As macro signals密集ly released in late July, the crypto market stands at a crossroads of policy博弈 and regulatory restructuring.
In this column, HTX Research's Chloe (@ChloeTalk1) analyzes the unexpected weakness in US nonfarm payrolls, the repricing of Fed policy expectations, and the regulatory paradigm shift triggered by the SEC's launch of "Project Crypto," pointing out that core assets like Bitcoin are now supported by both macroeconomic and institutional tailwinds.

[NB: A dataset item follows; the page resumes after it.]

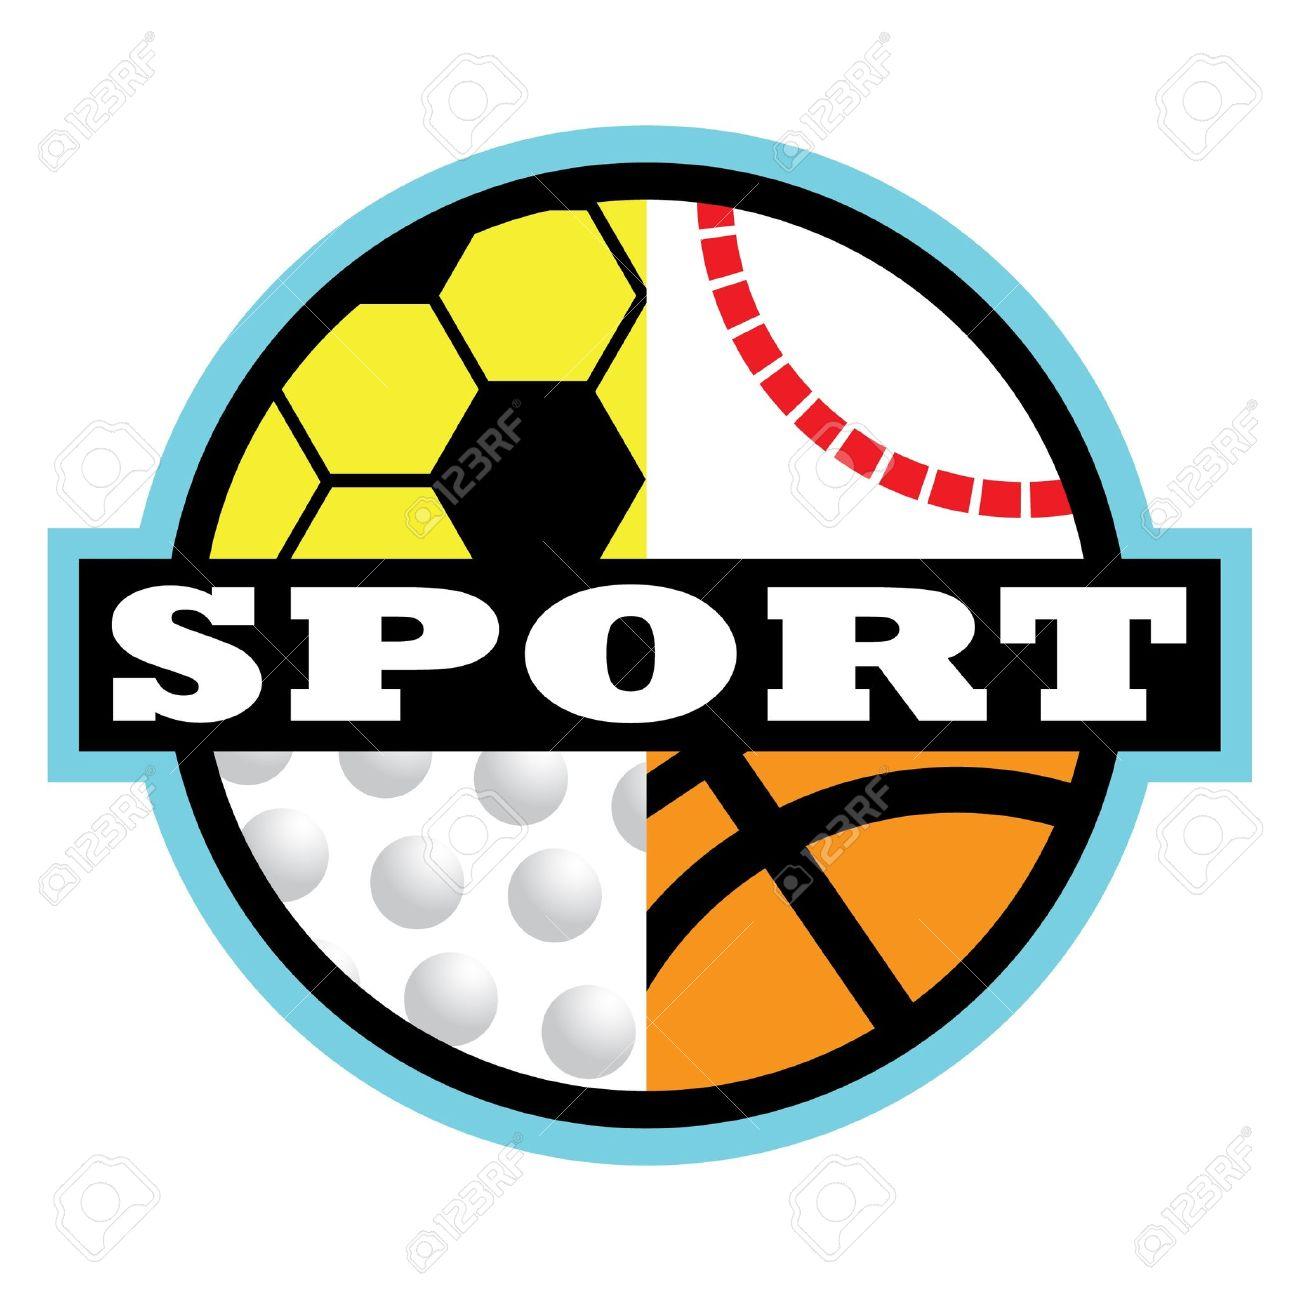 image logo sport

Nonfarm Turnaround, Policy Expectations Shift Dramatically
After the July FOMC meeting, the Fed maintained its 5.25%-5.50% interest rate target range and refused to provide a rate cut timetable, sparking market concerns over "higher for longer." As a result, the 10-year Treasury yield surged to 4.24%, the dollar index reclaimed 100, gold dropped below $3,270, and Bitcoin fell to the $116,000 range, with on-chain activity declining in tandem. However, three days later, the July nonfarm payroll report unexpectedly "collapsed": only 73,000 jobs were added, far below the consensus expectation of 180,000; meanwhile, May-June employment was revised down by nearly 90% (129,000 total), revealing a "systemic overestimation" of labor market strength. This sudden cooling of fundamentals triggered a sharp repricing in rate markets: CME FedWatch probability of rate cuts jumped from 38% to 82%, with a 64% chance priced in for two cuts by year-end. The 10-year yield subsequently dropped below 4.10%, gold rebounded $40 in one day to $3,363, while Bitcoin, pressured by recession fears, fell as low as $112,000.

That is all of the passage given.